The Militant(logo) 
    Vol.62/No.34           September 28, 1998 
 
 
Air Canada Pilots Win Some Safety Gains  

BY NED DMYTRYSHYN AND MARY ELLEN MARUS
VANCOUVER, British Columbia - After grounding Canada's largest commercial airline with a 13-day strike, 2,100 Air Canada pilots voted 83 percent in favor of accepting a contract offer. "We won major concessions on safety and quality of life," said Jean Marc Bélanger, chairman of the Air Canada Pilots' Association (ACPA).

The pilots strike was costly for Air Canada. The September 12 Globe and Mail reported, "Analysts estimate the strike cost the Montreal-based airline upwards of CAN$200 million pretax wiping out any chance of profit in the third quarter while the turbulent economy may do the same in the fourth." In an interview with the Militant, Air Canada Pilots Association representative Ken Fales was asked whether the strike was worth it. He replied, "Our flight operators were not respecting the agreement. Hopefully, we've renewed the dialogue. If not, we'll do this again in 18 months." Fales added that training-to-standard rules are an important gain in the contract. The onus is now more on the company to train pilots properly.

Labor contracts for three major unions representing 17,000 workers at Air Canada come up for negotiation over the next nine months. About 5,000 flight attendants organized by the Canadian Union of Public Employees plan to start bargaining next month, 4,000 ticket agents represented by the Canadian Auto Workers begin negotiations in February 1999, and 8,000 maintenance and ramp workers represented by the International Association of Machinists will open talks by June.

The pilots' two-year agreement includes a 4 percent wage increase retroactive to April 1998 and 5 percent starting in April 1999. The increase is what the company offered before the strike. The agreement ends in April of the year 2000; the company had demanded a five-year contract.

The hours of flying time, which was another issue in the strike, remain the same: 78-80 hours a month except the regional jet CL65, which is 85 and will be gradually reduced to 80 hours by the year 2000. Pilots will get extra help on long flights, their training will improve, they can organize their schedules a bit better, and they won additional protection from layoffs.

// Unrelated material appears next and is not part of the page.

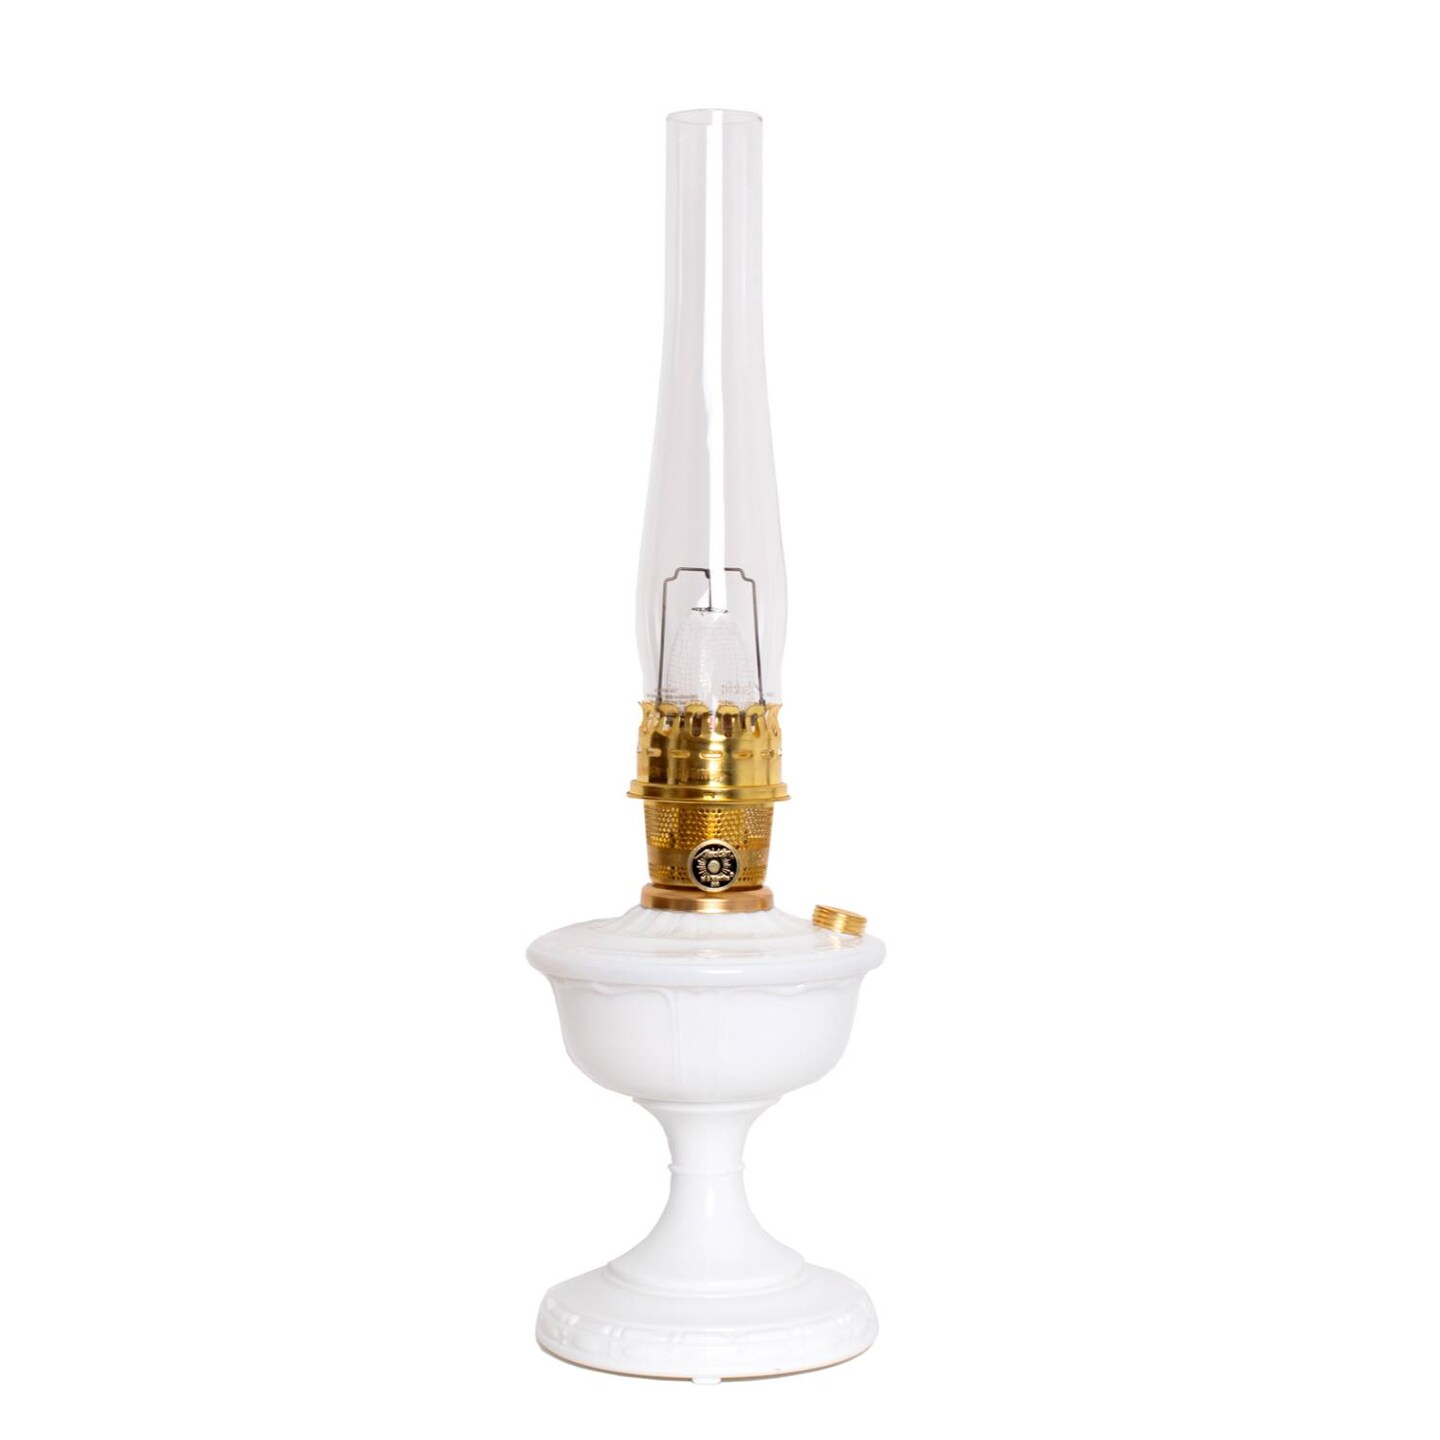 Aladdin Milk Glass Oil Lamp, Alexandria Model with Aladdin Burner, Wick, Glass chimney and Mantle

The pilots were fighting for work rule changes that directly affect flight safety. Actual working time, including flight preparation and training, is double the 80 hours flying time. Some pilots have duty time of more than 85 hours, well over the industrial average of 75-78 hours per month. For the company this means a leaner work force; for the pilots it means increased fatigue. The ACPA members were fighting against company threats to cut training time on simulation equipment and for increased flight crews for longer flights to ensure safety. Before the strike, two pilots did both take-off and landing on a 14-hour flight.

Air Canada pilots made concessions in the 1990s along with other airline workers, when the company cried poverty. In 1997 the company posted a $427 million profit.

Ned Dmytryshyn and Mary Ellen Marus are members of IAM Lodge 764.